WYPC
- Wellston, Ohio; United States;
- Frequency: 1330 kHz
- Branding: 105.3 WYPC

Programming
- Format: Oldies
- Affiliations: Fox News Radio

Ownership
- Owner: Total Media Group
- Sister stations: WKOV-FM, WCJO

History
- First air date: 1953
- Former call signs: WKOV (1952–1991); WJTD (1998);

Technical information
- Licensing authority: FCC
- Facility ID: 29689
- Class: D
- Power: 500 watts (day); 50 watts (night);
- Transmitter coordinates: 39°6′22.00″N 82°34′23.00″W﻿ / ﻿39.1061111°N 82.5730556°W
- Translator: 105.3 W287CZ (Jackson)

Links
- Public license information: Public file; LMS;
- Webcast: Listen Live
- Website: WYPC Online

= WYPC =

WYPC (1330 AM) is a radio station broadcasting an oldies format. Licensed to Wellston, Ohio, United States. The station serves the Wellston/Jackson area, is currently owned by Total Media Group, Inc., the owner of the station since 1970, and features programming from Fox News Radio.

==History==
The station went on the air in 1953, as WKOV at 1570 kilohertz. The station moved to 1330 kHz by 1958. An FM station, WKOV-FM, was added in 1971. WKOV-AM featured a full-service adult contemporary/MOR format until 1991, when the call letters changed to WYPC-AM, and the station switched to country music, with the AC format moving to WKOV-FM (which had programmed beautiful music).

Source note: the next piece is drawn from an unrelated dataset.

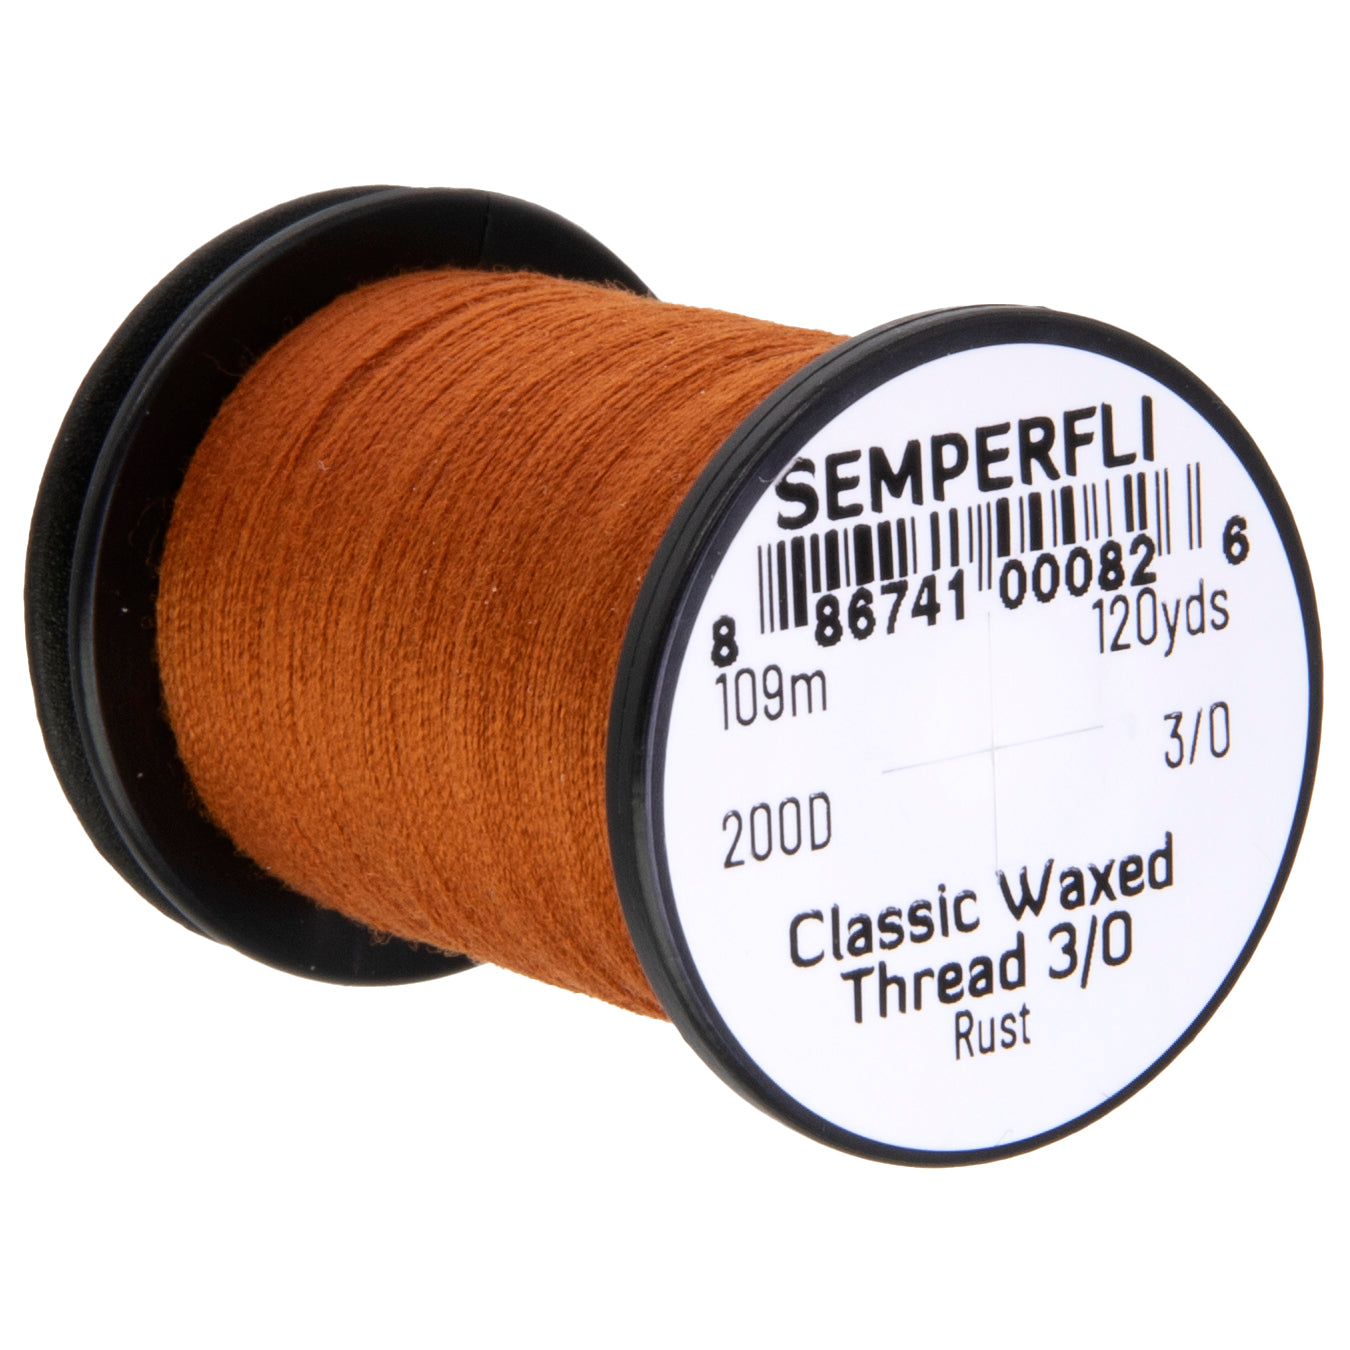 Semperfli Classic 3/0 Waxed Thread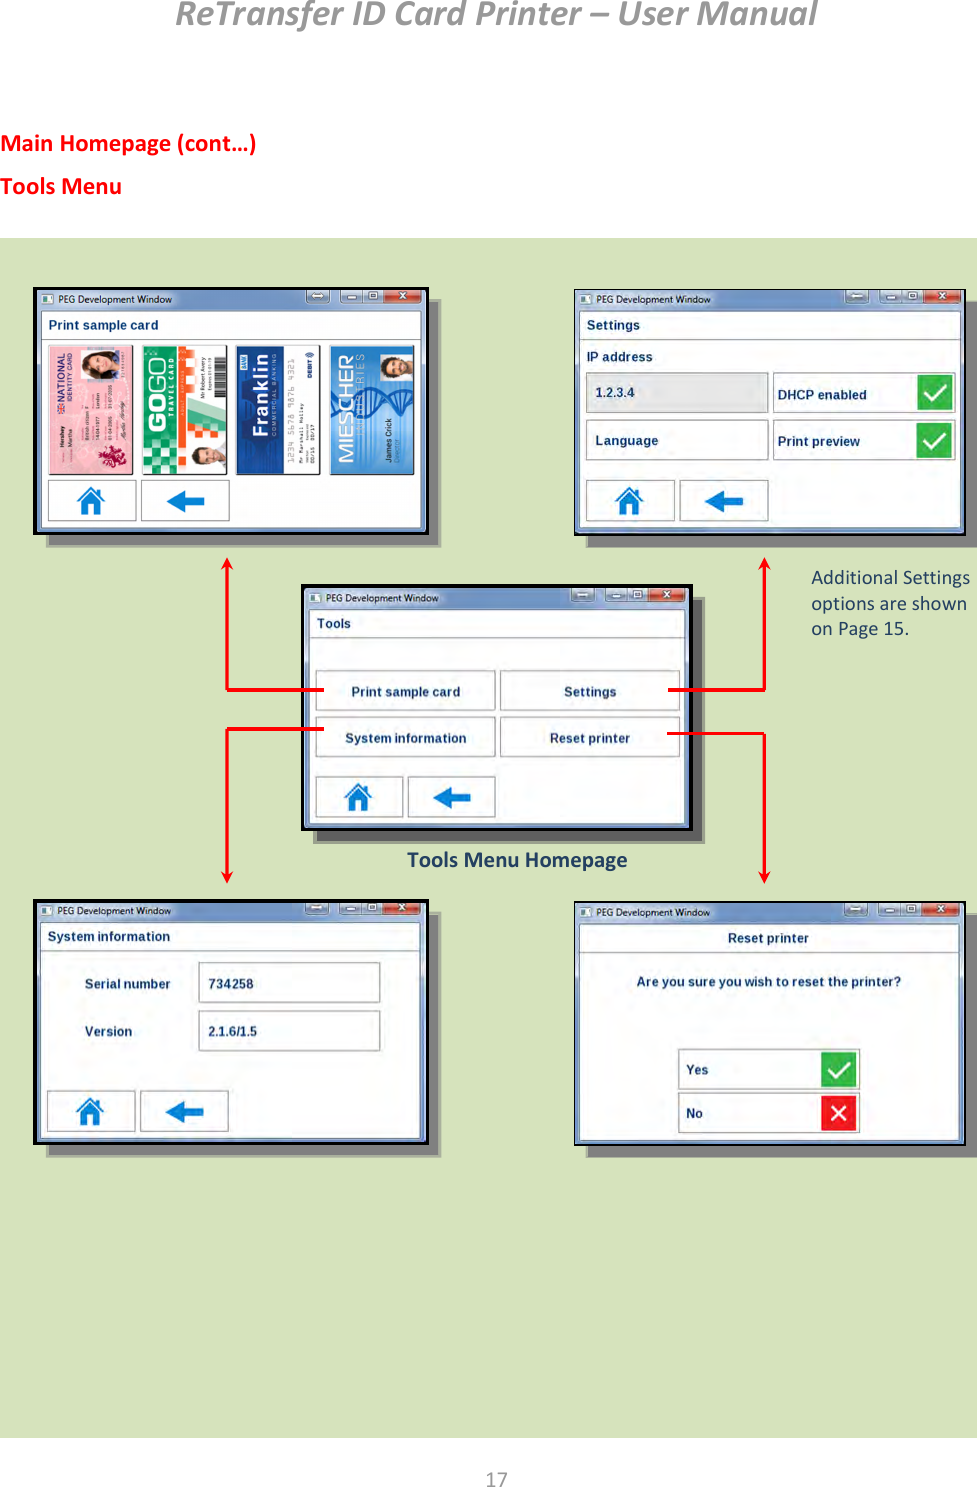 ReTransfer ID Card Printer – User Manual  17   Main Homepage (cont…) Tools Menu                        Tools Menu Homepage  Additional Settings options are shown on Page 15.

WYPC-AM adopted an adult standards music format in the mid-1990s. WYPC-AM changed its format from Adult Standards to Sports Talk in August 2012. In July 2026, WYPC-AM (and it's FM translator, 105.3 FM) changed formats, switching from Sports Talk to an Oldies format called "Southern Ohio Gold", with music from the 1950s to the 1980s.